Should you invest in insulation or solar panels?
The answer is both
Are you designing a new home or renovation, or finished one recently?
Across Australia, there are national requirements to design and build energy-efficient homes. It is referred to as complying with the NatHERS scheme. A home must be at least 6 stars when assessed for its energy efficiency. The star rating goes from 1 star to 10 stars.
A 6-star home isn’t that great, it’s just a minimum requirement.
These regulations exist to ensure houses and apartments are built to efficiently stay within a set temperature range, through summer and winter. There are other requirements too, regarding specific heating and cooling energy use.
Why you need thermal efficiency and solar panels
We have completed several of these projects to assess the sustainability, water, and energy efficiency of homes as part of planning applications.
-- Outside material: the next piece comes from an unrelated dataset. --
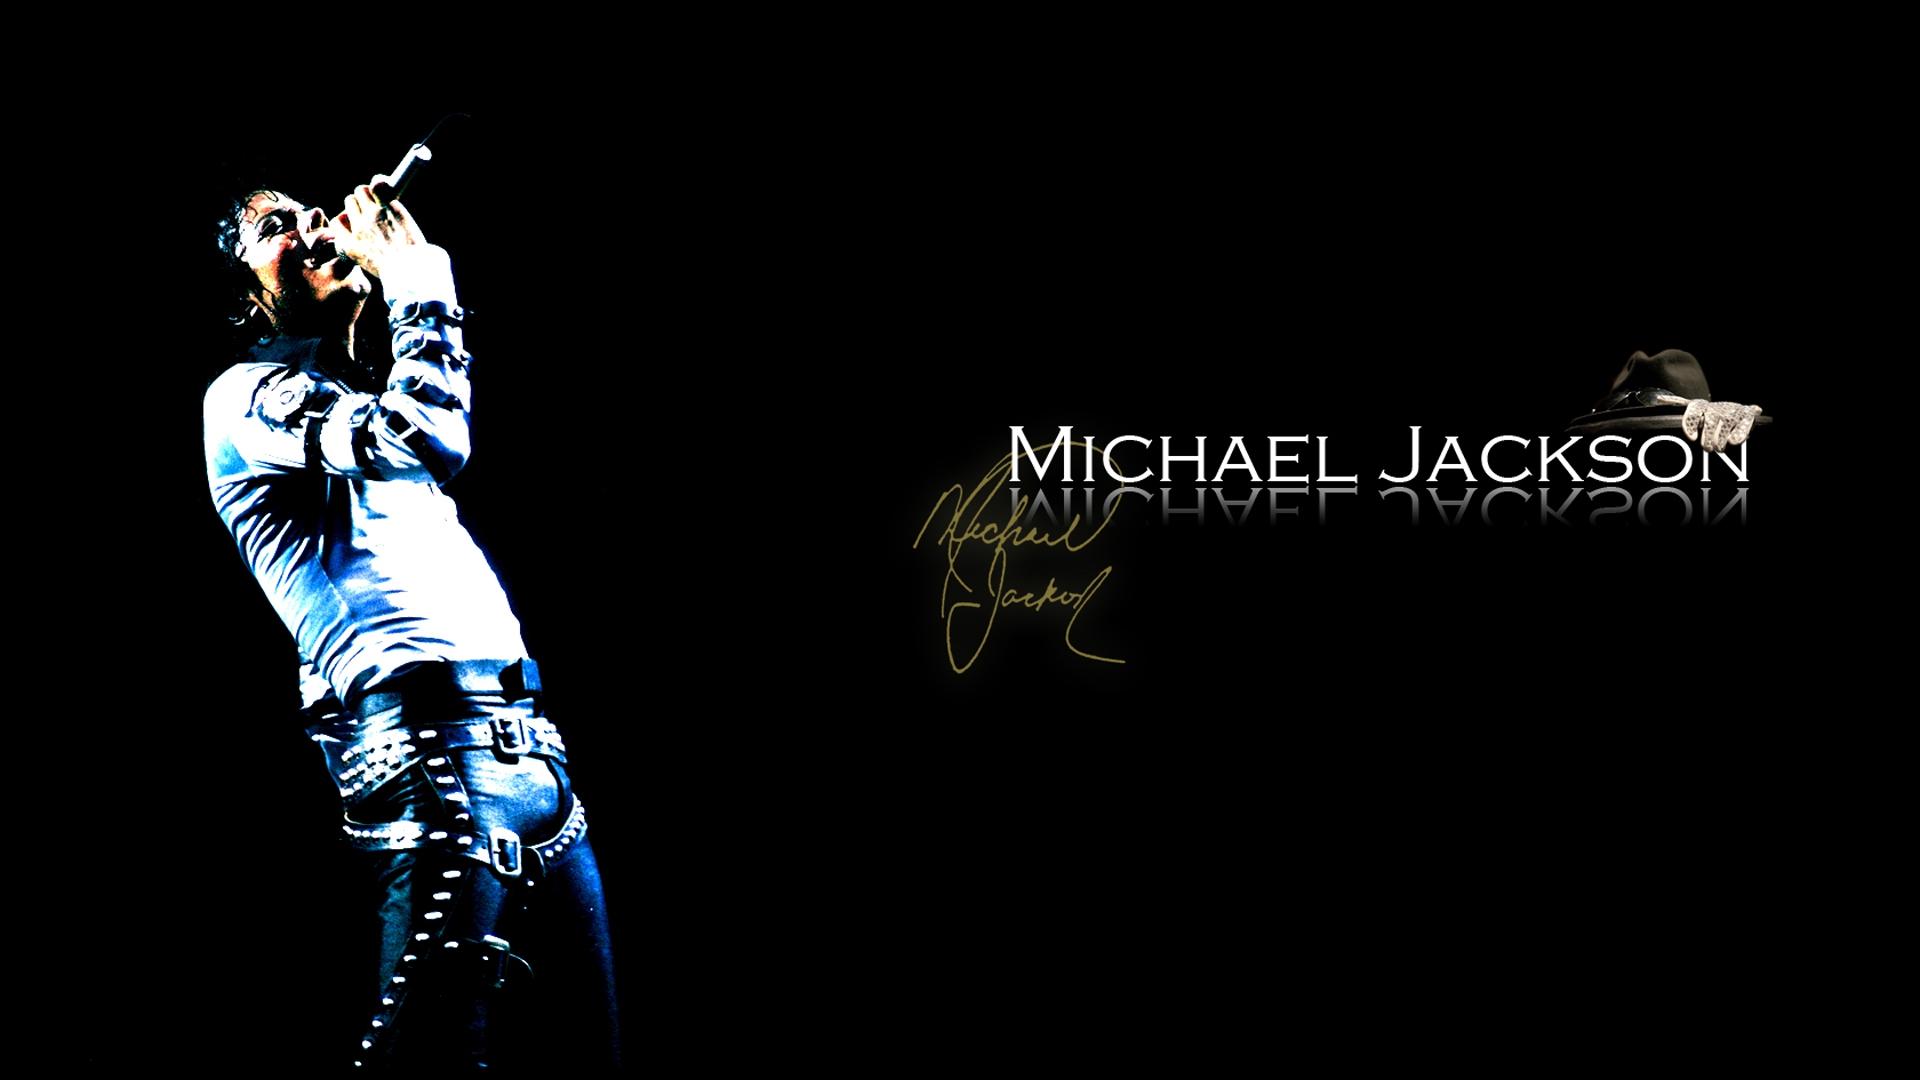 [47+] Michael Jackson Wallpapers for Desktop on ...
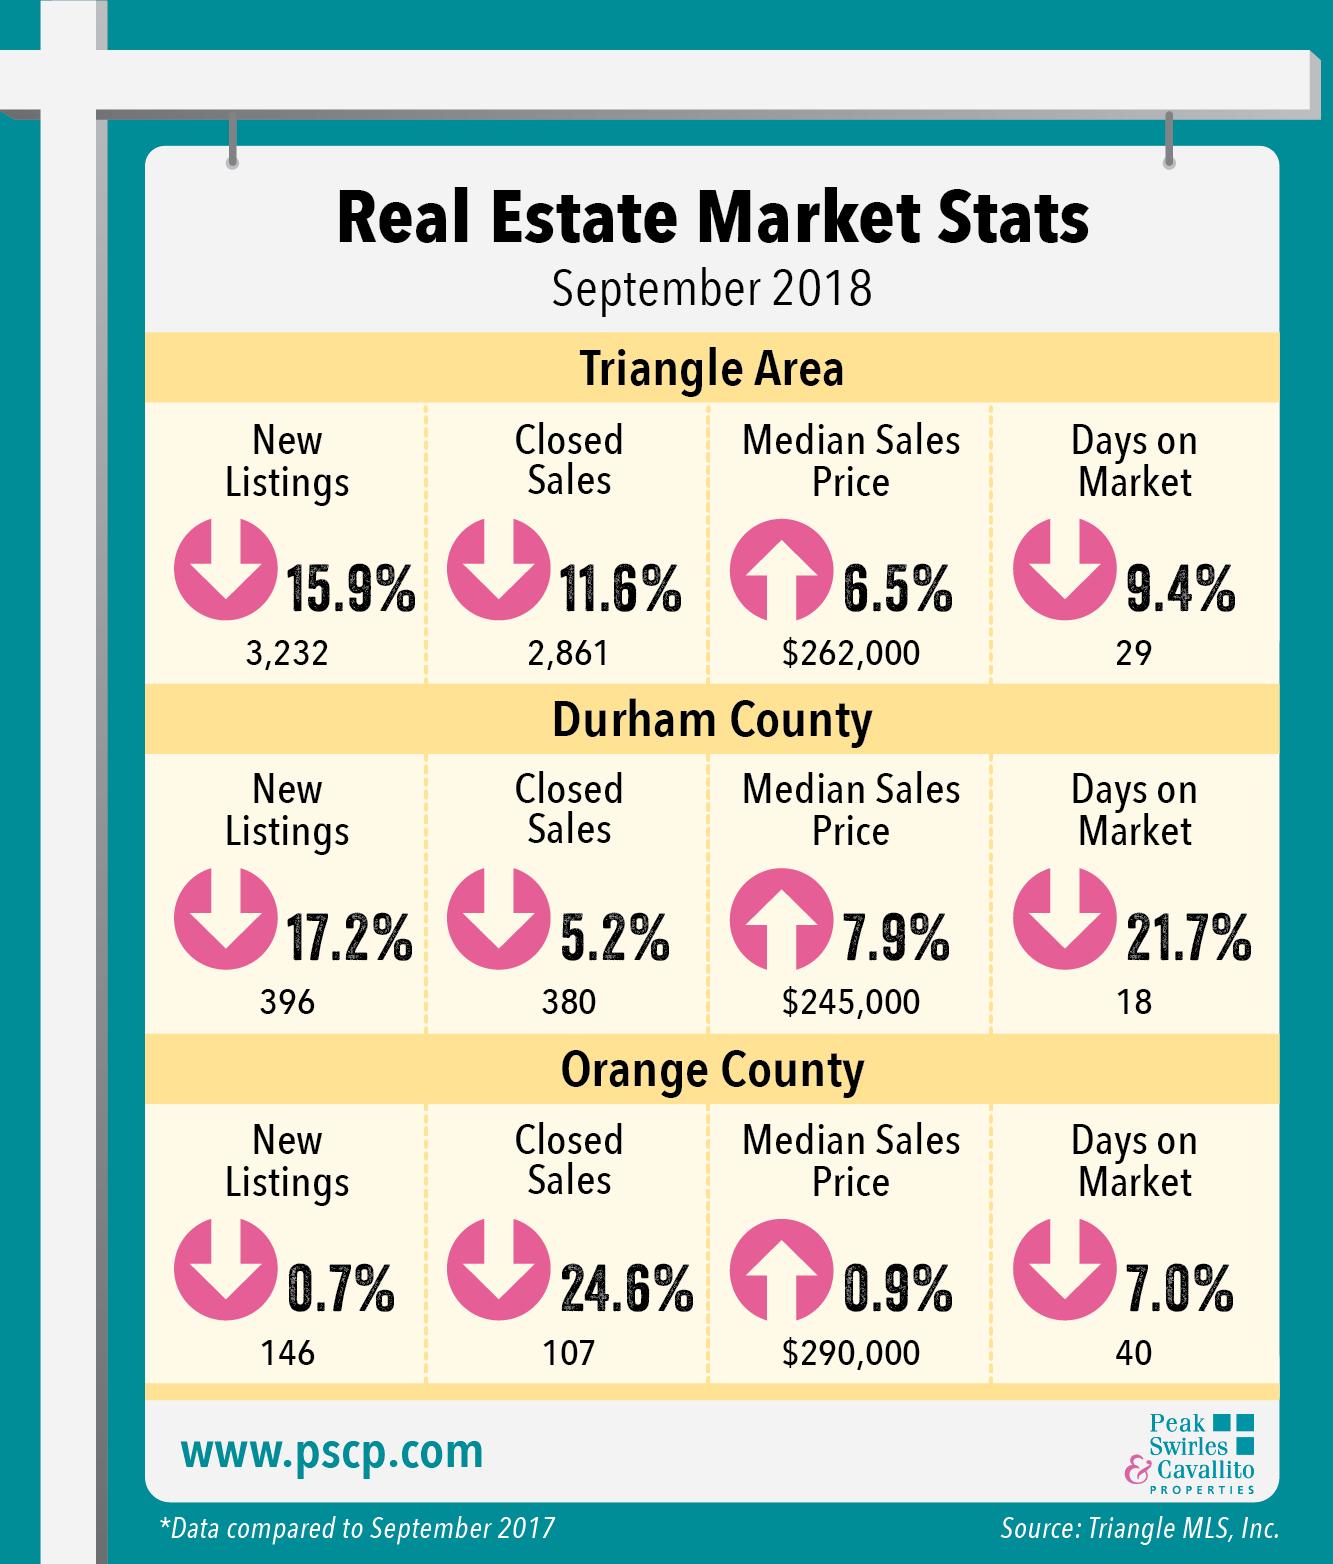 September 2018 Market Indicators

We find that clients expect that the rating can be achieved by adding solar panels and batteries. But it can’t! One is demand and the other is supply.
Our modeling, shown in Figure 1, shows that it is the combination of both of these initiatives (efficiency and solar panels) that saves energy and reduces the use of the electricity grid.
Reducing energy demand on the grid
A 6-star home in Melbourne can consume 114 MJ / m2 per year (to comply with a 6-star NatHERS load).
But a 6.5 star home, with a 3 kW solar system would use 35% less energy from the grid and only 73 MJ / m2 per year.
More efficiency and more solar on homes would see the total energy demand from the grid drop by 65%. Or more if you aim for a really efficient home.